**Exercise directions:** Scan the records beneath this line for the line holding "Magneto Generator Engine" and the line holding "Full Size Metal", then transcribe exactly those two and all lines between.

**Information shown:**
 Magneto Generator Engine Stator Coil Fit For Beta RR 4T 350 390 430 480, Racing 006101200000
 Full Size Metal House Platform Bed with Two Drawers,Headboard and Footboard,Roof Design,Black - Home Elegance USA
---
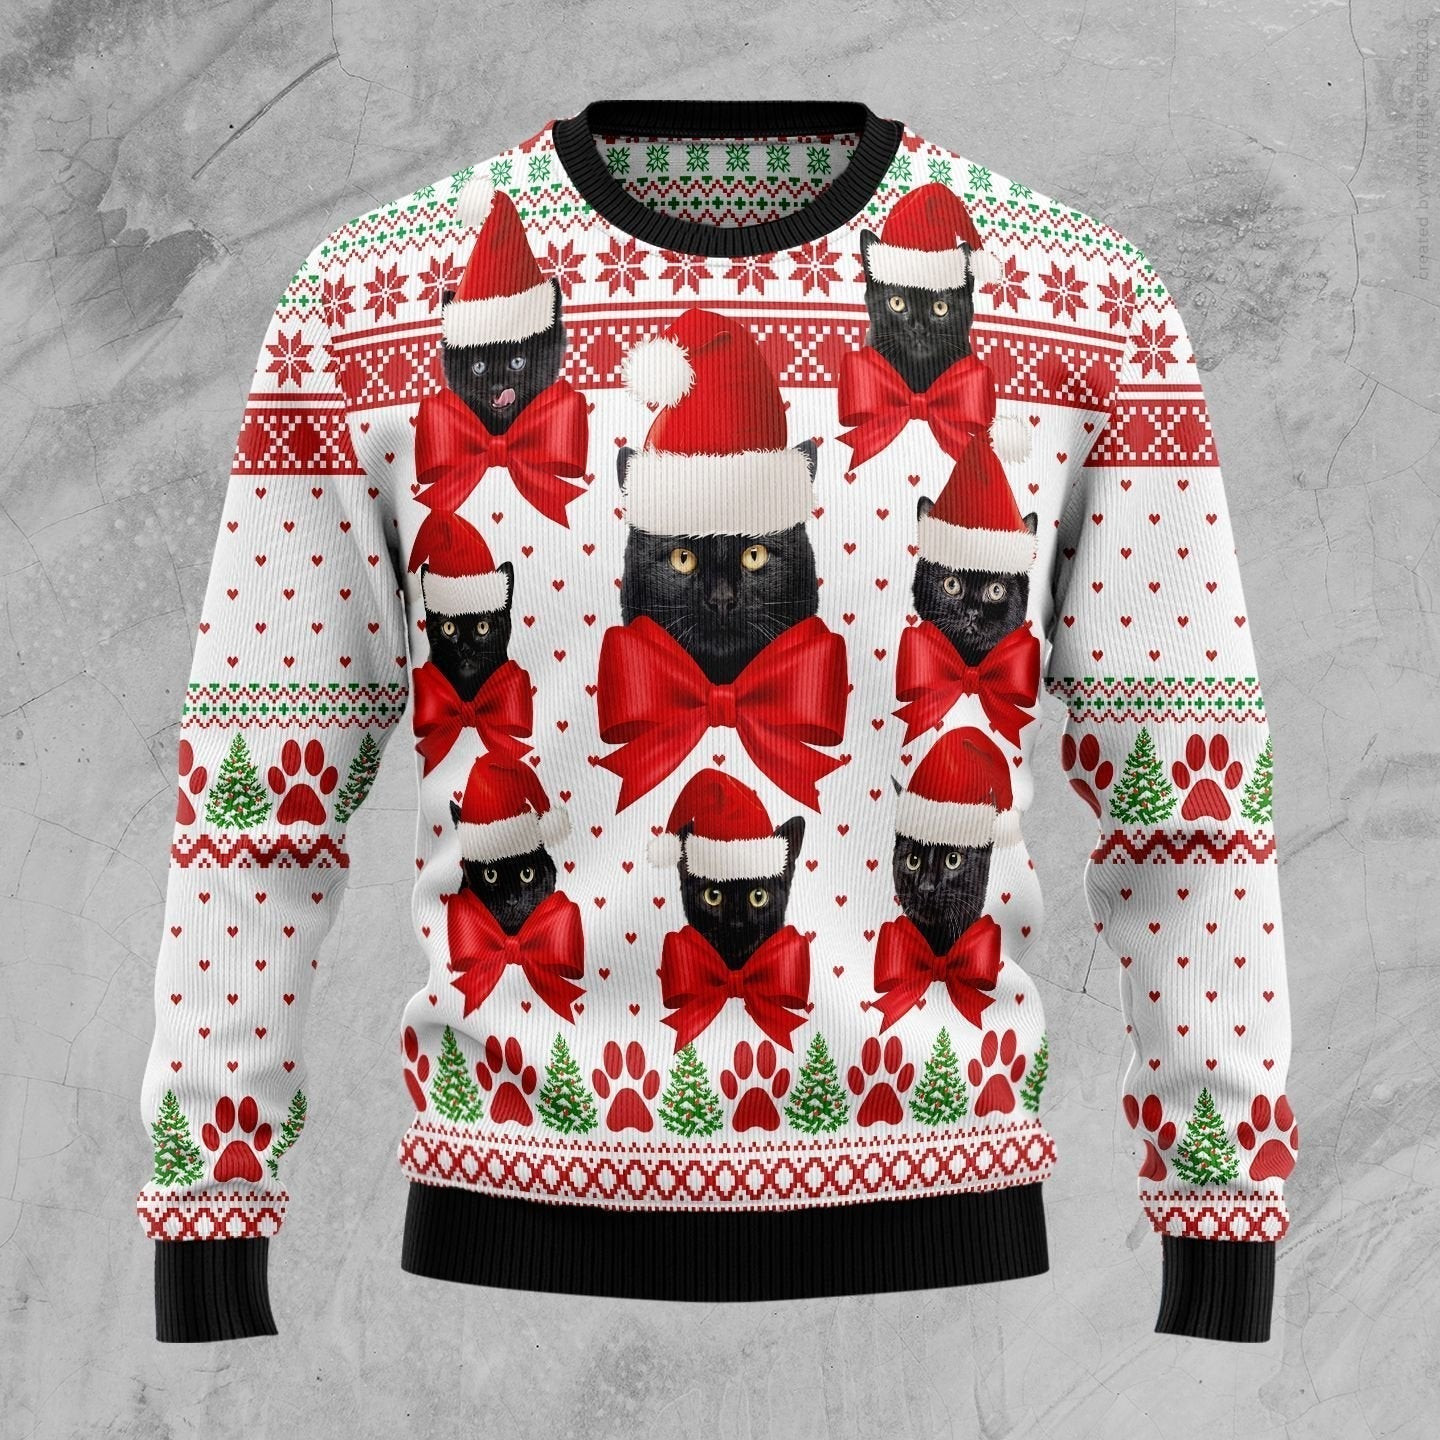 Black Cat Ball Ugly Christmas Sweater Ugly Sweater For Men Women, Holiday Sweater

**Output of the exercise:**
 Magneto Generator Engine Stator Coil Fit For Beta RR 4T 350 390 430 480, Racing 006101200000
 Full Size Metal House Platform Bed with Two Drawers,Headboard and Footboard,Roof Design,Black - Home Elegance USA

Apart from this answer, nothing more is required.